Поэт нашего времени. В. Смоленский (К выходу его собрания стихотворений)[66]

Поэт нашего времени. В. Смоленский (К выходу его собрания стихотворений)[66]

Мне как-то еще ни разу не приходилось писать о стихах; может быть, оттого, что стихи «сами по себе», стихи «как таковые», отдельно от человека, их пишущего, мало меня интересуют. Человека же в стихах в большинстве случаев либо совсем не чувствовалось, по крайней мере в тех, что попадались мне на глаза, либо там мелькало нечто, о чем ни думать, ни писать не было охоты.

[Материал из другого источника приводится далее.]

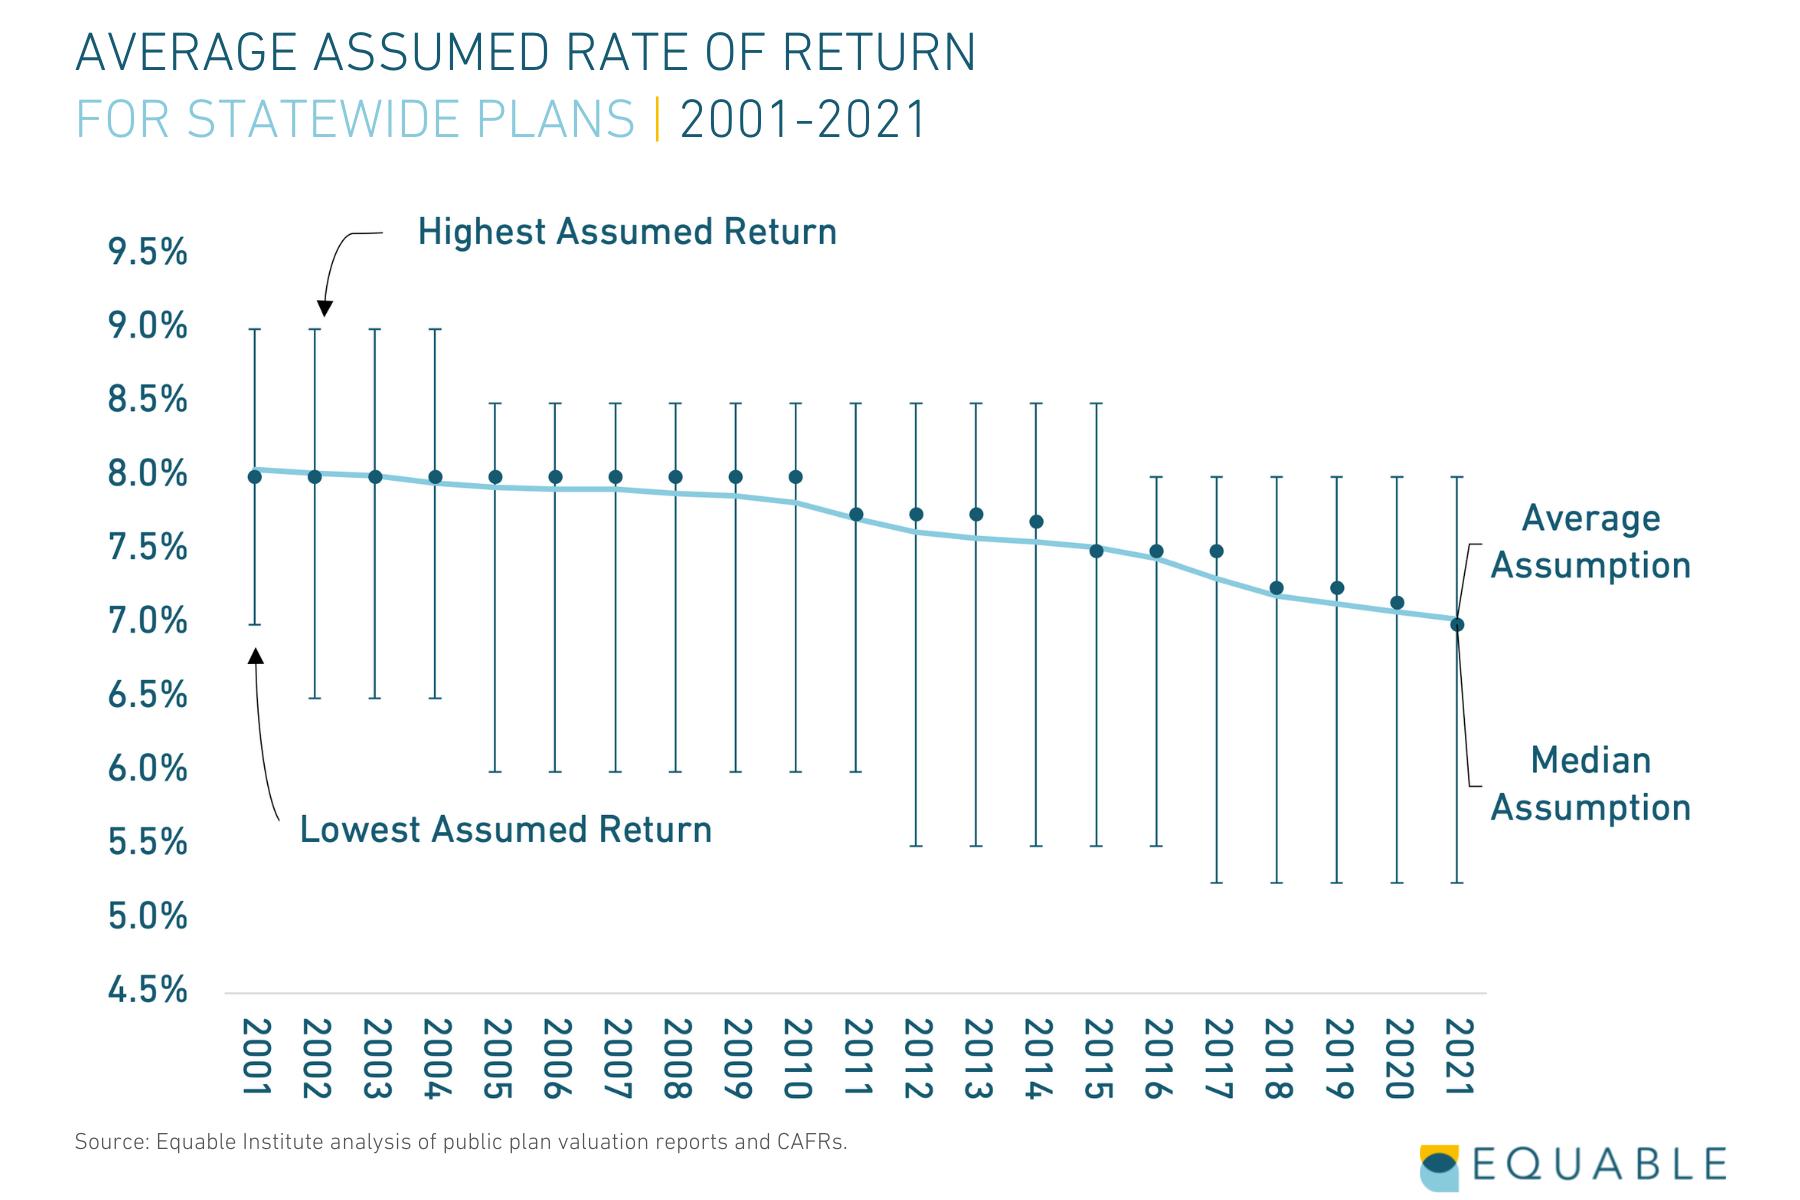 Average Assumed Rate of Return for U.S. Statewide Pension Plans, 2001 - 2021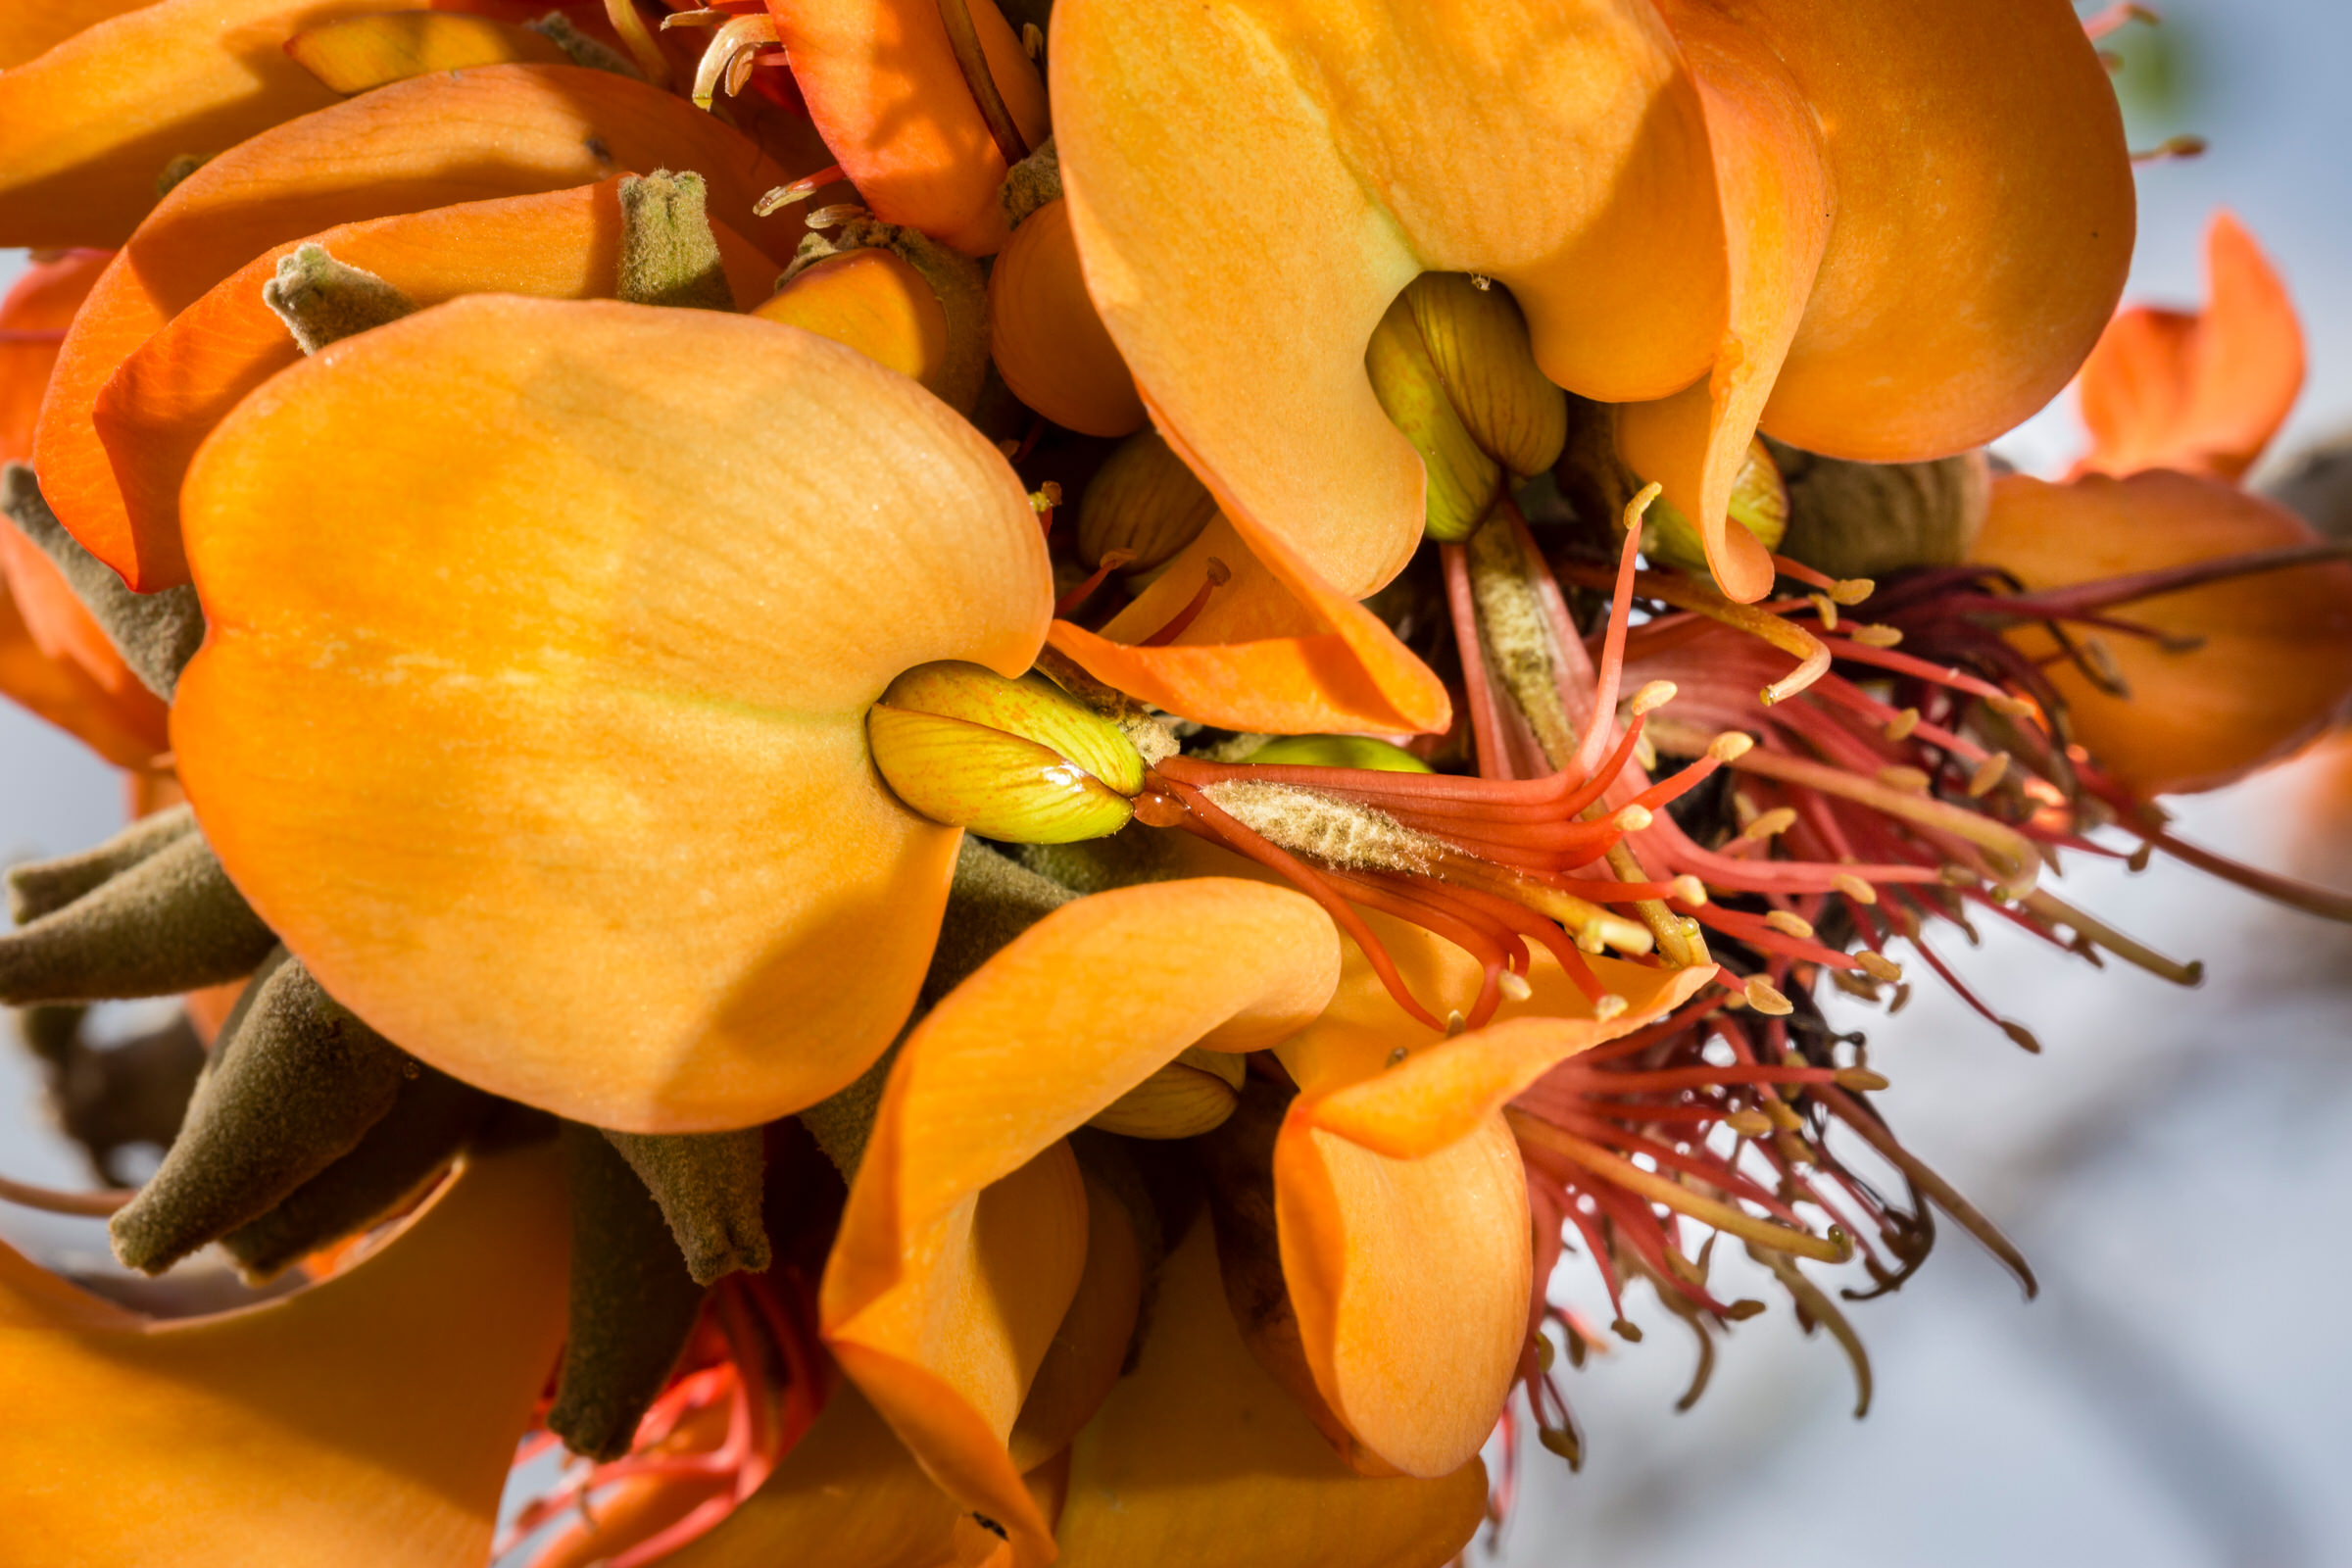 dry-forest-preserve-flowering-willi-willi-tree-festival-Waikoloa-Village-Hawaii-Island-South-Kohala-347.jpg

Хорошо или плохо написано стихотворение — не суть важно, как не важно и его содержание. Важно прежде всего — стихи это или не стихи, живой это цветок или бумажный? Как они распознаются — объяснить не берусь. Знаю только, что во мне всякое настоящее стихотворение вызывает радость; пусть это будет чертополох, он в тысячу раз милее самой пышной коленкоровой лилии.

Поэтому спор о стихах не радующих, стихах без мании, что могли бы стихами стать, да не стали, оттого что не произошло чуда «преосуществления», — спор пустой. Но о них-то как раз и спорят и говорят больше всего, чуя, что что-то в них неладно. А неладно в них то, что это не стихи, а рифмованные строчки, ничего общего с поэзией не имеющие. Но, может быть, еще более далеки от поэзии стихи, что как будто к ней всего ближе. Я имею в виду тот род певучих, музыкальных стихов, чья музыкальность обратно пропорциональна их смыслу. Чем музыкальнее, тем бессмысленнее.

Останься пеной, Афродита,

И слово в музыку вернись[67].

Чтобы слово вернулось в музыку, оно должно перестать быть словом, т. е. потерять свой смысл, развоплотиться.

Окончательно потерять смысл, раствориться в музыке, как лед в кипятке, оно, однако, не может. Какие-то обрывки смысла в словах, в сочетании слов мелькают, давая иному критику повод говорить о «священном косноязычье»[68]. Для самого же поэта, сохранившего память о былом значении опустошенных им слов, его стихи не бессмысленны, но их смысл понятен ему одному.

Однако не всегда — и это надо помнить — развоплощенное слово становится музыкой. Развоплощенье тоже искусство, тоже мания, хотя и другого рода. Бывает, что вместо ожидаемой «гармонии сфер» получается «жил-был у бабушки серенький козлик» или просто шум, а то и ничего, молчание — в зависимости от способностей и темперамента поэта.

И вот слово — «звук пустой». Но вместе с его смыслом поэт теряет и чувство реальности. Можно говорить что угодно о чем угодно — все одинаково бессмысленно и бесполезно.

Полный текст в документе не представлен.